Posted to commits@beam.apache.org by da...@apache.org on 2023/02/28 14:50:04 UTC
[beam] 01/01: Fix tensorflowhub caching issue
This is an automated email from the ASF dual-hosted git repository.
damccorm pushed a commit to branch users/damccorm/tfhub-test
in repository https://gitbox.apache.org/repos/asf/beam.git
commit 167ace851fc250b980576f7812ae55519a609450
Author: Danny McCormick <da...@google.com>
AuthorDate: Tue Feb 28 09:49:25 2023 -0500
Fix tensorflowhub caching issue
---
.../ml/inference/tensorflow_inference_it_test.py | 23 ++++++++++++++++++++++
1 file changed, 23 insertions(+)
diff --git a/sdks/python/apache_beam/ml/inference/tensorflow_inference_it_test.py b/sdks/python/apache_beam/ml/inference/tensorflow_inference_it_test.py
index fb1a2964841..4e044082ac0 100644
--- a/sdks/python/apache_beam/ml/inference/tensorflow_inference_it_test.py
+++ b/sdks/python/apache_beam/ml/inference/tensorflow_inference_it_test.py
@@ -25,10 +25,12 @@ import pytest
from apache_beam.io.filesystems import FileSystems
from apache_beam.testing.test_pipeline import TestPipeline
+from pathlib import Path
# pylint: disable=ungrouped-imports
try:
import tensorflow as tf
+ import tensorflow_hub as hub
from apache_beam.examples.inference import tensorflow_imagenet_segmentation
from apache_beam.examples.inference import tensorflow_mnist_classification
from apache_beam.examples.inference import tensorflow_mnist_with_weights
@@ -42,6 +44,26 @@ def process_outputs(filepath):
lines = [l.decode('utf-8').strip('\n') for l in lines]
return lines
+def rmdir(directory):
+ directory = Path(directory)
+ for item in directory.iterdir():
+ if item.is_dir():
+ rmdir(item)
+ else:
+ item.unlink()
+ directory.rmdir()
+
+def clear_tf_hub_temp_dir(model_path):
+ # When loading a tensorflow hub using tfhub.resolve, the model is saved in a
+ # temporary directory. That file can be persisted between test runs, in which
+ # case tfhub.resolve will no-op. If the model is deleted and the file isn't,
+ # tfhub.resolve will still no-op and tf.keras.models.load_model will throw.

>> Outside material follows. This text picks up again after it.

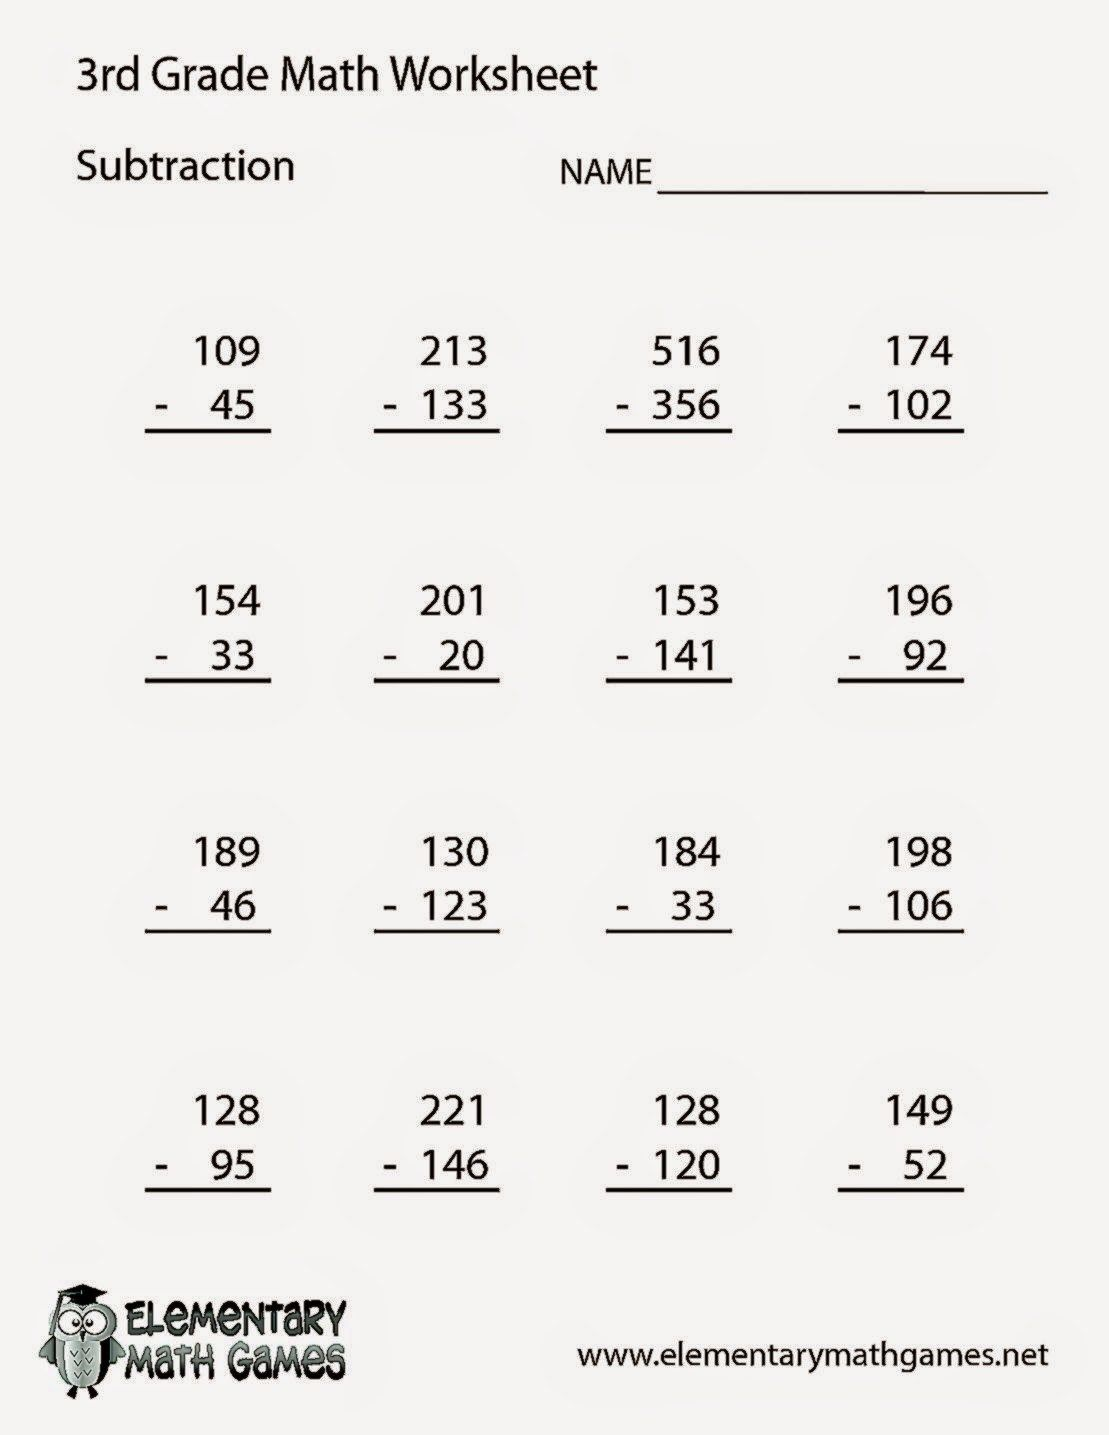 medium resolution of 7th Grade Math Homework Worksheet Printable Worksheets And   3rd grade math  worksheets

+ # To avoid this (and test more robustly) we delete the temporary directory
+ # entirely between runs.
+ local_path = hub.resolve(model_path)
+ rmdir(local_path)
+
+
@unittest.skipIf(
tf is None, 'Missing dependencies. '
@@ -90,6 +112,7 @@ class TensorflowInference(unittest.TestCase):
output_file = '/'.join([output_file_dir, str(uuid.uuid4()), 'result.txt'])
model_path = (
'https://tfhub.dev/google/tf2-preview/mobilenet_v2/classification/4')
+ clear_tf_hub_temp_dir(model_path)
extra_opts = {
'input': input_file,
'output': output_file,